Panigarola put le suivre un instant des yeux : ce fut une rapide vision aussitôt effacée.

— L’homme qu’elle aime ! gronda-t-il. Il s’en va heureux, l’âme radieuse ; et moi, misérable, moi !…

Sa pensée sombra dans une sorte de balbutiement et n’acheva pas de s’indiquer.

Longtemps, figé à la même place, le moine lutta contre la douleur de la jalousie comme s’il l’eût éprouvée pour la première fois.

Enfin, après peut-être une heure d’attente, il se dirigea résolument sur la porte.

Au moment où il allait frapper, cette porte s’ouvrit de nouveau.

Panigarola n’eut que le temps de s’effacer contre la muraille.

Ce fut encore un homme qui sortit et s’éloigna rapidement : cette fois, c’était le maréchal de Damville.

Le moine ne le reconnut pas. Peut-être même ne prêta-t-il qu’une attention médiocre à ce fait qu’un homme sortait de chez Alice… après l’autre !

Il repoussa violemment la porte à l’instant où elle se refermait et entra dans le jardin.

La vieille Laura qui avait escorté Henri n’était pas femme à s’effrayer ; elle s’attendait toujours à tout ce qui peut arriver à l’honnête gouvernante d’une femme telle qu’Alice de Lux. Au premier coup d’œil, elle reconnut Panigarola, et sourit ; cependant, comme elle tenait à toujours avoir les apparences pour elle, — ce qui est le fond même de l’honnêteté sociale, — elle esquissa une tentative de résistance et prit la posture d’une duègne effarouchée qu’on violente et qui va crier au secours.

— Silence ! dit le moine en saisissant le bras de la digne Laura.
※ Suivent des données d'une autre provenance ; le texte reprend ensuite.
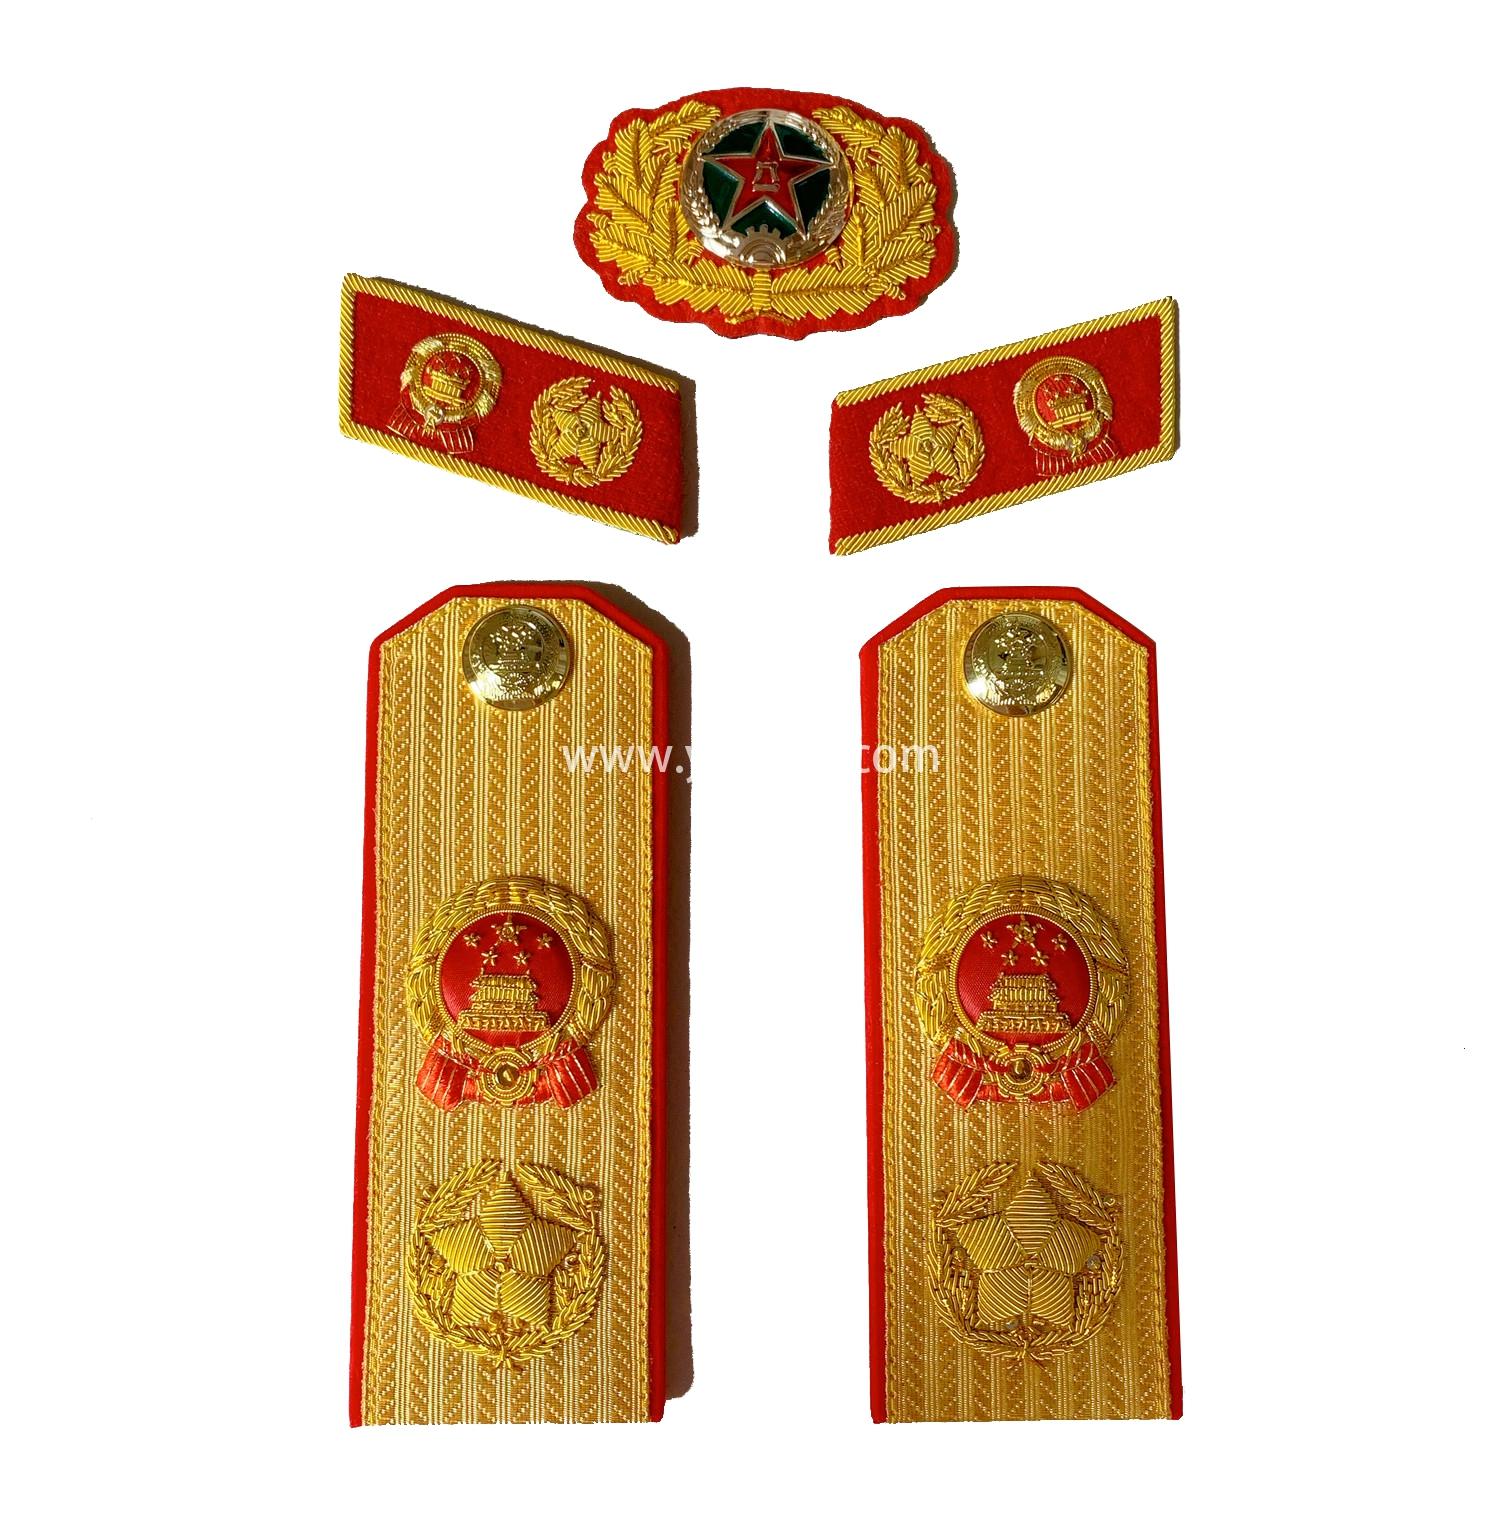 印度丝手工刺绣苏联大元帅肩章满底金正红边55式常服五星徽章松枝纪念章

Et certain que la gouvernante ne tenterait rien contre lui, il pénétra dans la maison que venaient de quitter l’un après l’autre le comte de Marillac et Henri de Montmorency. (On n’a pas oublié, sans doute, que le maréchal avait surpris l’entretien d’Alice et du comte ; et qu’en menaçant Alice de révéler cet entretien, il avait obtenu d’elle qu’elle se constituerait la geôlière de Jeanne de Piennes et de Loïse). Après le départ du maréchal, l’espionne écrasée de honte était tombée à genoux en s’écriant : « Qui donc viendra me relever dans cet abîme d’ignominie ! »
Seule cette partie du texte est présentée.